Faylay~しあわせの魔法
「目障りだ」

「……はい」

それは『殺せ』と言われているのだと、アレクセイは軽く頭を下げた。一瞬だけ自分の首に巻かれている包帯に意識を持っていく。

彼は……まだ、強くなる。

剣士としての純粋なる興味から、アレクセイは胸を高鳴らせた。

その想いを隠しつつ、顔を上げカインの右手に視線をやる。

「それは、いかがなさいました?」

「リディアーナに仕置きされてしまった」

クッ、と笑うその姿は、どこか楽しげにも見える。

「皇女殿下に?」

アレクセイは眉を顰めたものの、一旦部屋を出て救急箱を手に戻ってきた。そして玉座まで歩み寄り、カインの手を取る。

「やめろ」

「いいえ、きちんと治していただきます。
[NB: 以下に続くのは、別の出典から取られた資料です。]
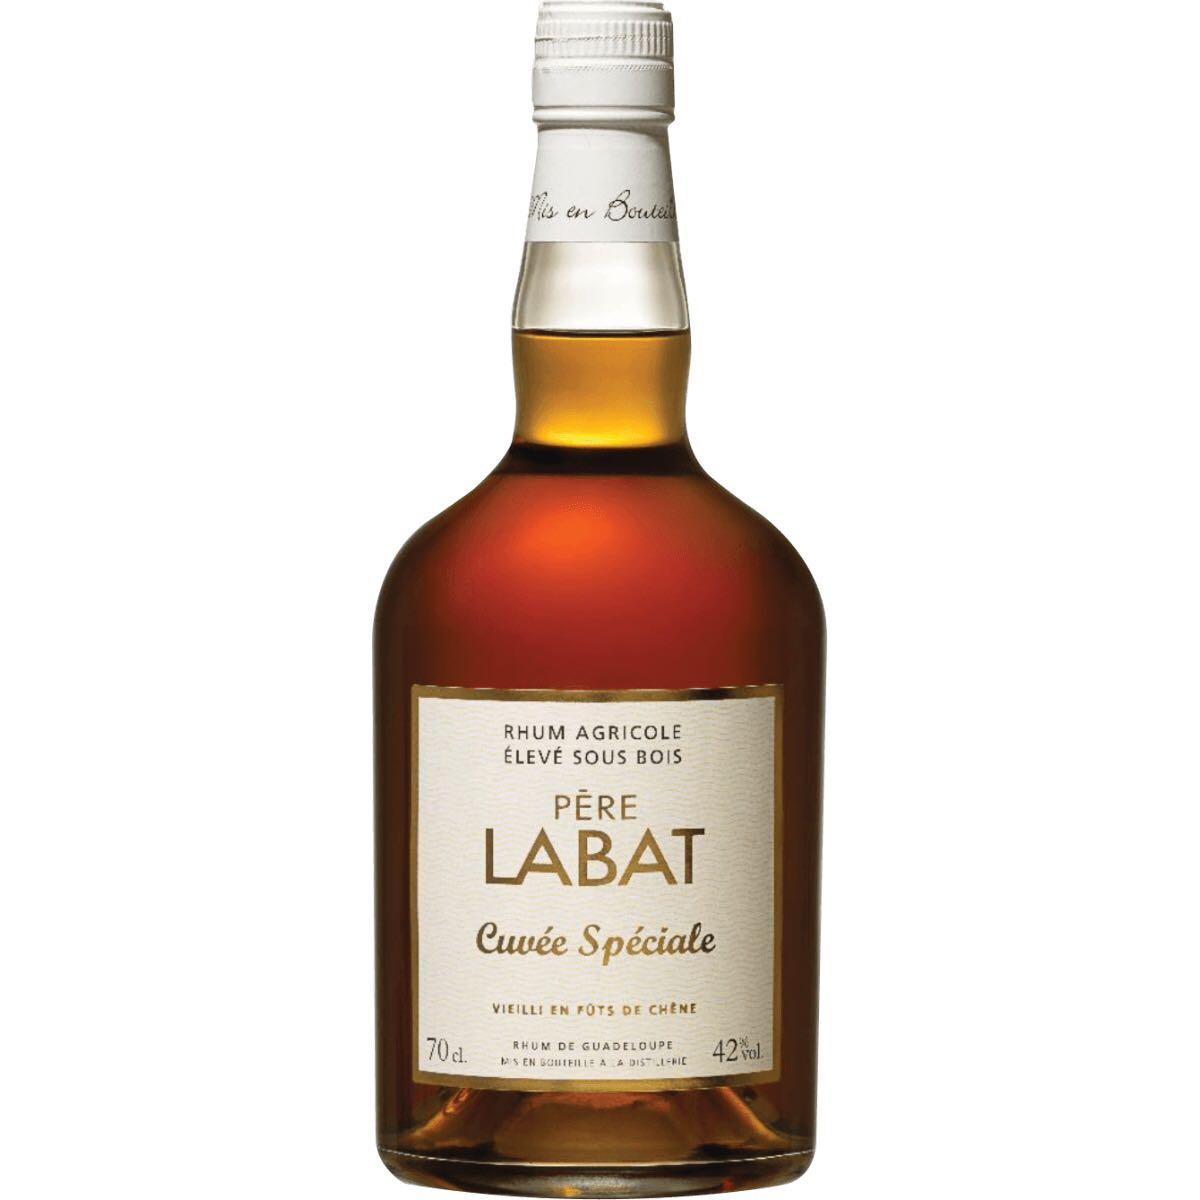 Bottle image of Père Labat Cuvée Spéciale
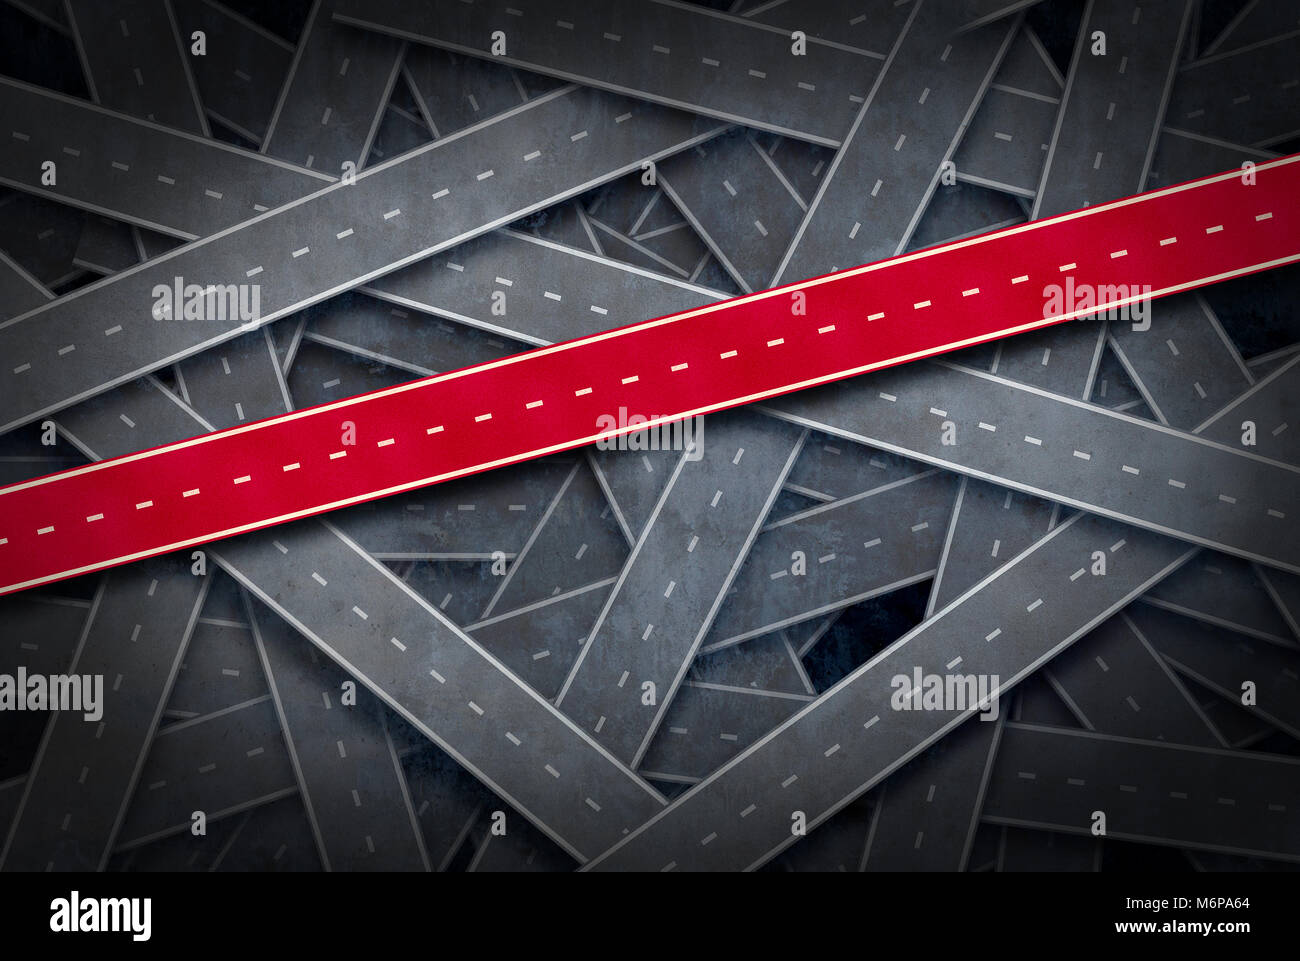 Camino al Éxito concepto y siga el camino recto como la idea de un grupo de carreteras y un sendero rojo como Imagen De Stock

大事な『皇帝陛下』の御身なのですから」

真っ直ぐに紫暗の瞳を見つめそう言うアレクセイを、カインは可笑しそうに見つめる。

「お前も馬鹿な人間だな。私が『カイン』ではないと、気付いておろうに」

「ええ、もちろんです。ですが」

包帯を巻き終え、パタンと箱を閉じてから、アレクセイはまたカインを見つめた。

「私は、カイン様に生涯忠誠を誓った身です。貴方が『カイン様』である限り、私は貴方に従い、命をかけてお護りする。それだけです」

「ふん、見上げた忠誠心だ」

カインは鼻で笑うと、包帯の巻かれた手でアレクセイを振り払い、玉座に身を沈めた。